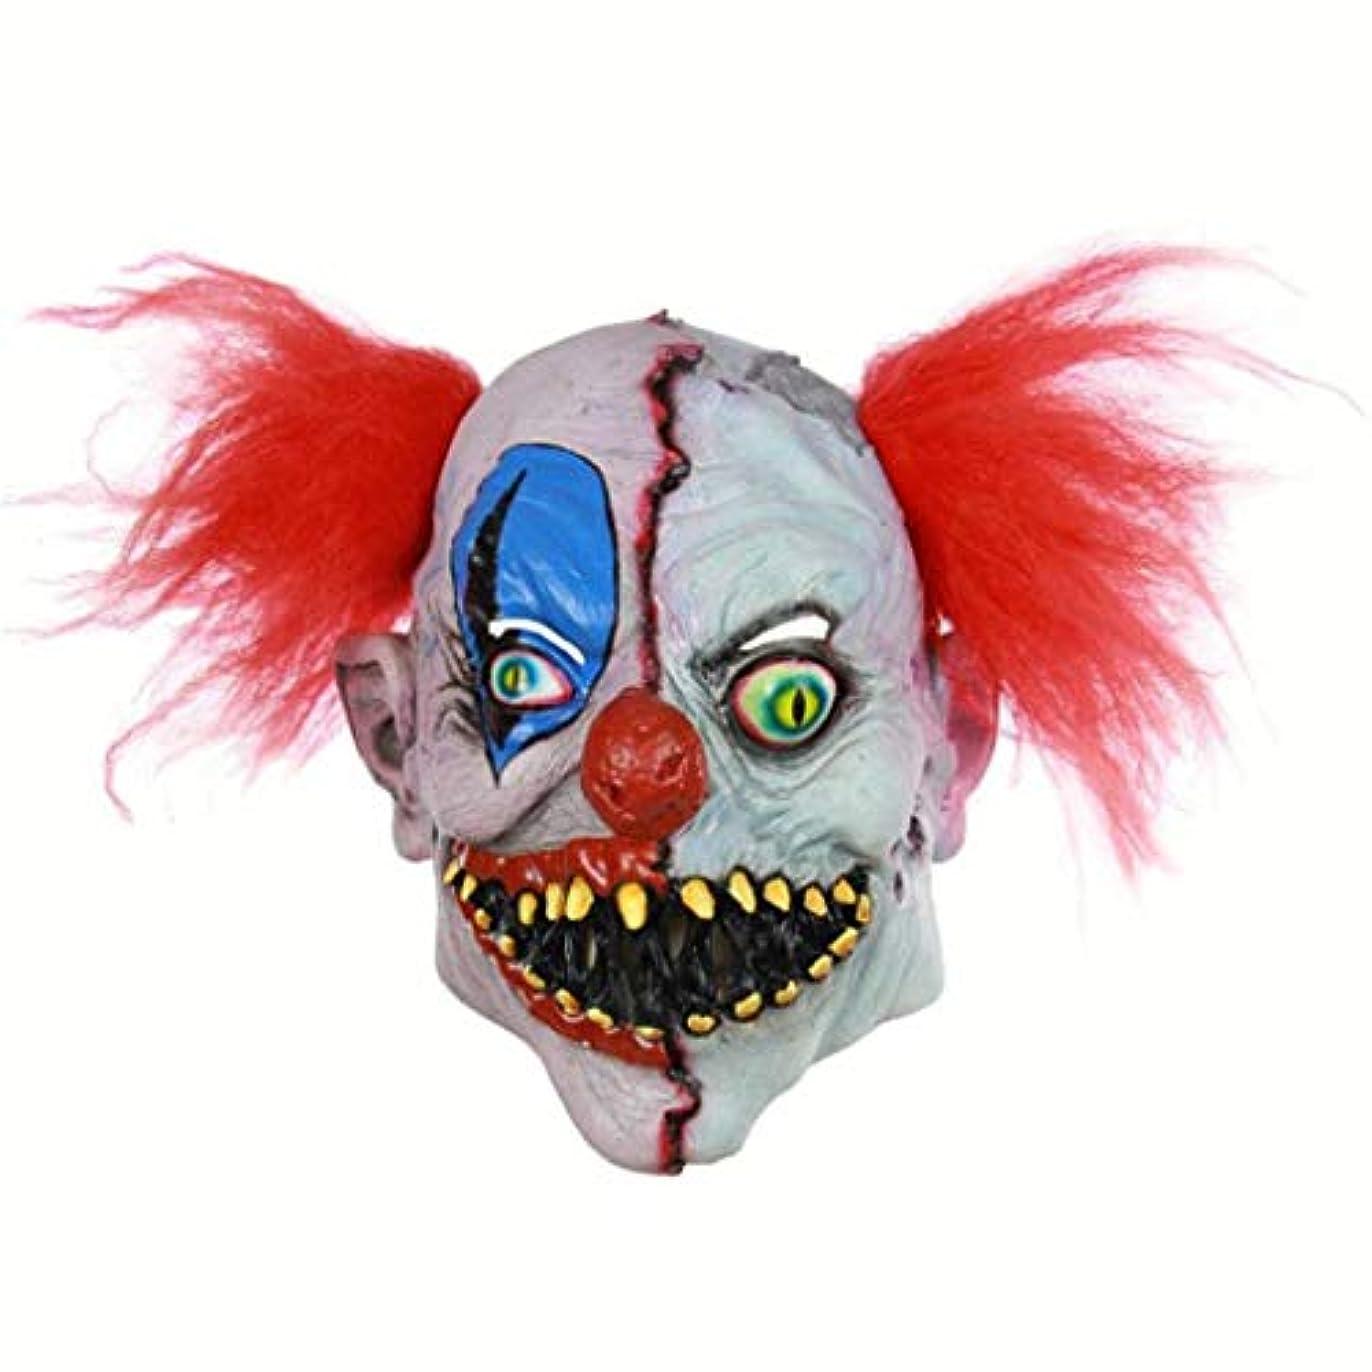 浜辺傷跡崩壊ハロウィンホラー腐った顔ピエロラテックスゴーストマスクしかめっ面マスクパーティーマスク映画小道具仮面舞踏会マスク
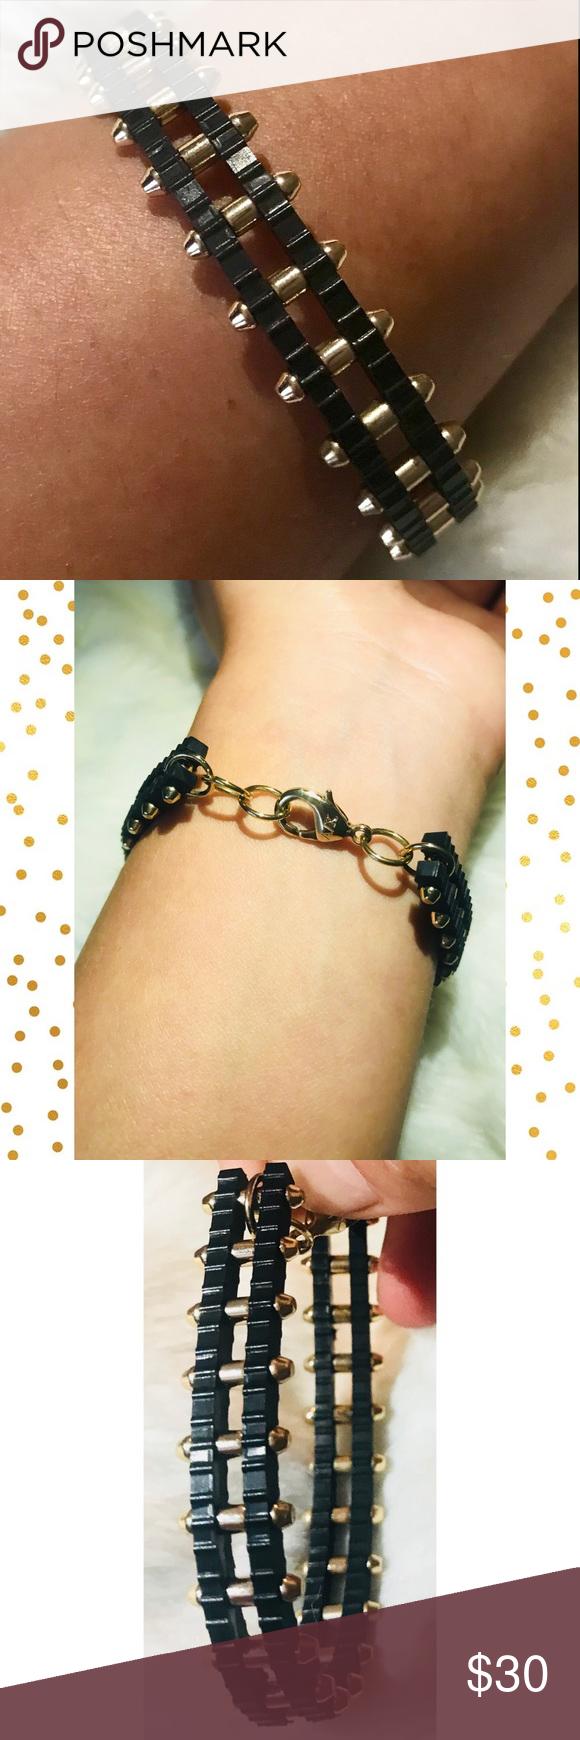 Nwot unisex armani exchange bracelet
------------------------------------------------------------
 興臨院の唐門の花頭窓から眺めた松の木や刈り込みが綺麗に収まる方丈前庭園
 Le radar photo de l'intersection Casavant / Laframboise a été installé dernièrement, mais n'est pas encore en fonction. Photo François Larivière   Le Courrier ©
------------------------------------------------------------
What you will do: Print, exactly, each line above from the one with "浜辺傷跡崩壊ハロウィンホラー" to the one with "Nwot unisex armani exchange bracelet", end lines included. Leave pictures out of it.

Task output:
 浜辺傷跡崩壊ハロウィンホラー腐った顔ピエロラテックスゴーストマスクしかめっ面マスクパーティーマスク映画小道具仮面舞踏会マスク
 Nwot unisex armani exchange bracelet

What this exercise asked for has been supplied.